Delaware Series LLC Statute

Delaware series LLC statute

The Delaware series LLC statute allows you to form multiple “sub-companies” (series) within one umbrella limited liability company, thus saving registration fees and annual entity taxes.

Registered series companies are considered a single entity, so only one annual Franchise Tax payment of $300 must be submitted to the state.

Legal Separation

Legally speaking, a series LLC allows for an unlimited number of “mini-LLCs” (series) under one master limited liability company (“master LLc”). Each series’ debts and liabilities remain separate and distinct from its counterparts or the assets owned by master LLc – thus protecting creditors of one series from being able to pursue assets belonging to other series or the master LLc for claims related to their conduct.

Each series can choose its tax structure: some opting to be taxed as partnerships, another as corporations and yet another choosing S Corporation status.

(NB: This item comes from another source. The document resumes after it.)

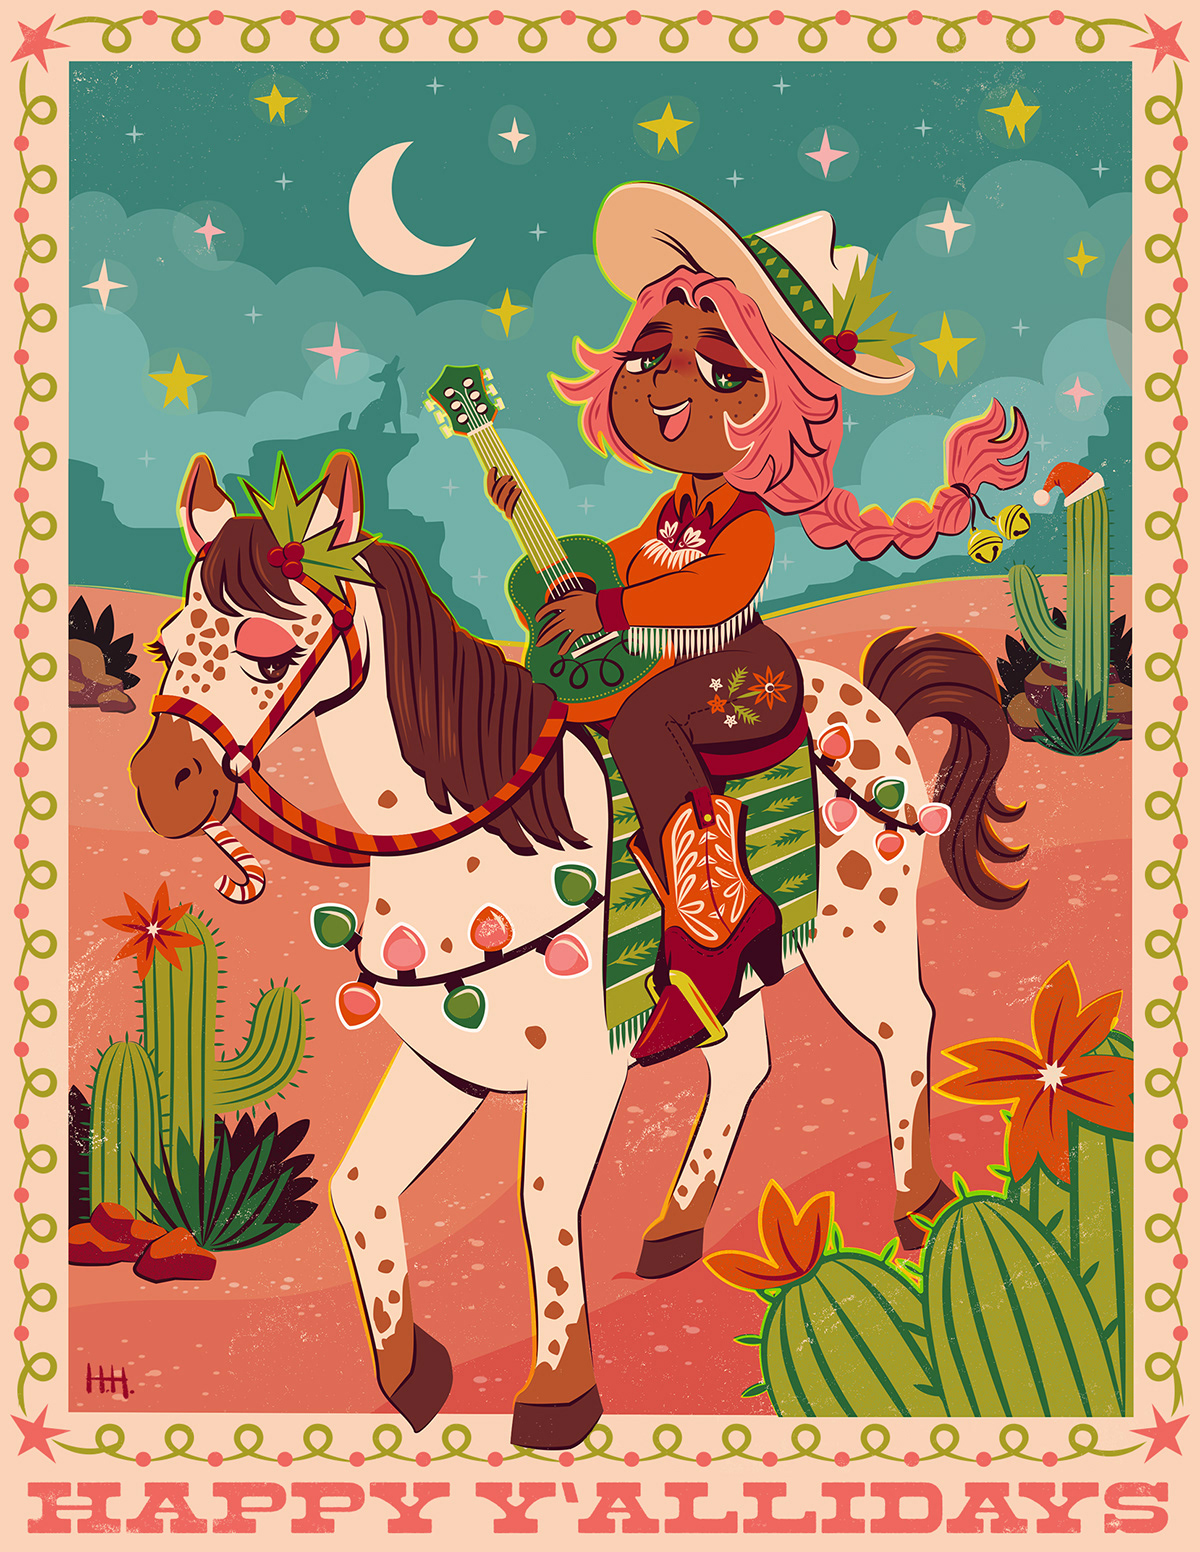 A festive cowgirl riding her decorated horse through a desert at night- "Happy Y'allidays" below

Recent changes to Delaware’s series LLC statute enable protected series to convert into registered series, and vice versa. However, each registered series incurs an additional filing fee; similarly its name must also stand out among all of the names registered with the Secretary of State as distinct from all of its domestic or qualified business entity competitors.

Asset Segregation

Delaware Series LLC statute offers the advantage of legally isolating assets, liabilities and profits associated with one “cell” from those belonging to other cells; this provides greater asset protection from creditors and litigation risks.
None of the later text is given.